Htet Htet’s experience is sadly typical of the work women do around the world. She is exploited because she is poor, a migrant and, above all, because she is a woman. Gender inequality affects the jobs women have access to, the money they earn, and the way society values their work. Inequality at work is experienced most deeply by women living in poverty, but it affects women from all walks of life and is reflected across the many facets of their lives. 

In the global economy, men are over-represented at the top of the income ladder; they enjoy access to better jobs and higher wages. Women, meanwhile, make up the vast majority of the lowest-paid workers, many in jobs that offer minimal security or physical safety. Women also shoulder the majority of unpaid care work – washing their children’s clothes, caring for aging parents or collecting water and firewood to cook for their families. Even in the poorest communities, where poverty wages are a reality for men and women alike, women perform a disproportionate share of the crucial, yet unpaid and undervalued, work of caring for children, the sick and the aging. 

Women living in poverty are subsidizing the global economy with labour that is either free or cheap, a fact that helps explain why economic growth does not necessarily reduce inequality or even provide hope of escaping poverty. Addressing the unequal economics of women’s work is essential to closing the gap in earnings and opportunities between women and men, and between rich and poor. 

Women across the world now enjoy higher levels of education and increased access to the workforce, yet their efforts to build a better life continue to be hampered by the unequal distribution of unpaid work, the gender barriers to many fields of work, the undervaluing of jobs held predominantly by women, and the often unspoken social norms that offer men higher wages and rates of promotion from the moment they enter the workforce.

In developing countries, the combined impact of these factors, along with lower levels of education, often traps women in precarious jobs without formal protections. For example, in Mali over 89 percent of women are in informal employment, compared to 74 percent of men.

In Canada, the pay equity gap is a reality for women across all sectors, and it is compounded by other forms of discrimination. For Aboriginal women, for example, the gap actually increases the more educated they are. All Aboriginal women employed full-time earn 26 percent less than non-Aboriginal men, but Aboriginal women with a university degree earn 33 percent less.

Gender inequality does not happen by accident. It is rooted in long establish norms, attitudes and beliefs, and it can be exacerbated by laws, policies and government spending. Government action can, however, act to reduce inequality between men and women at work. Government has a fundamental responsibility to do so, especially when markets and the private sector fail to. 

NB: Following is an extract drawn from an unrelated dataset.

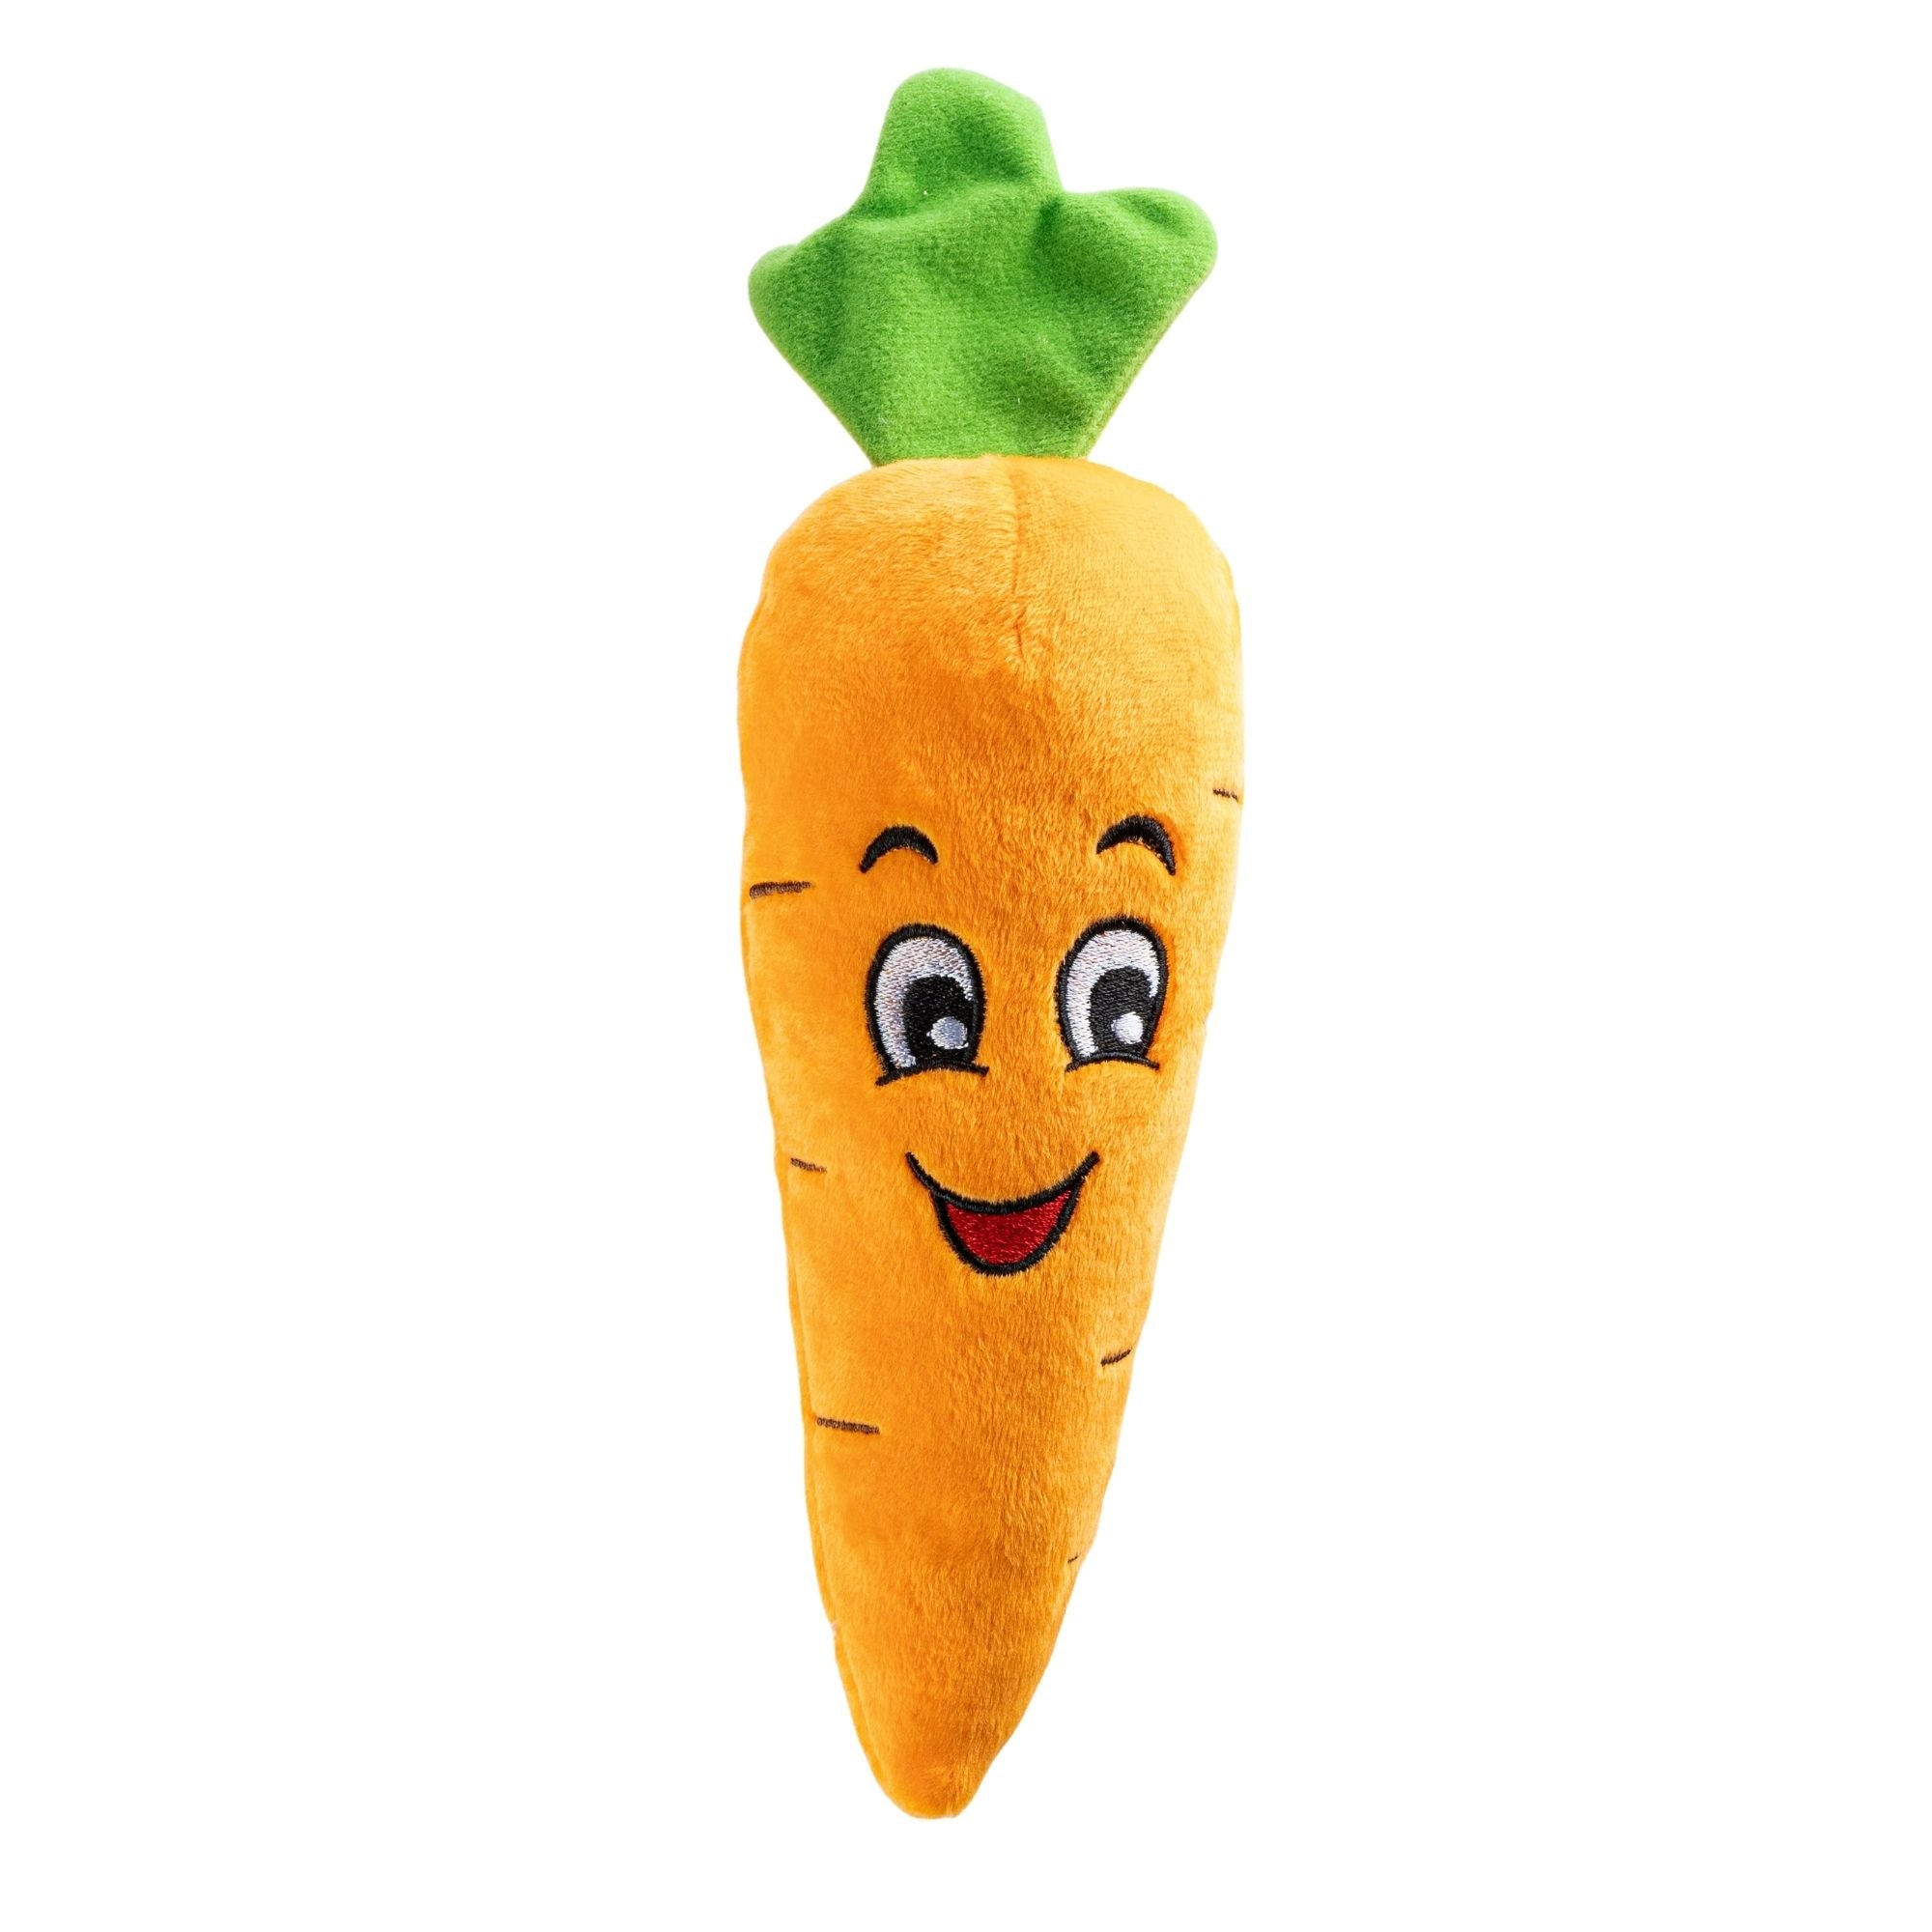  1Pc Soft Dog Toys Cute Carrot Plush Chew Squeaker Sound Pet  Puppy Supplies Durable Plush Dog and Cat Toys with Multi-Squeaks : Pet  Supplies

In a global economy that appears to constrict policy options, many governments have taken the low road, enacting measures that are gender-blind or that further widen the gap between women and men, between rich and poor. Other governments have taken the high road, making policy and financing decisions to ensure that men and women are paid equally, to create economic opportunities for women and to reduce women's burden of unpaid care. 

Canada is well positioned to take the high road. It can take immediate steps to make women’s work paid, equal and valued here at home, and to stand up for women’s rights worldwide. With a feminist Prime Minister and a government committed to inclusive growth, what other road is there to take?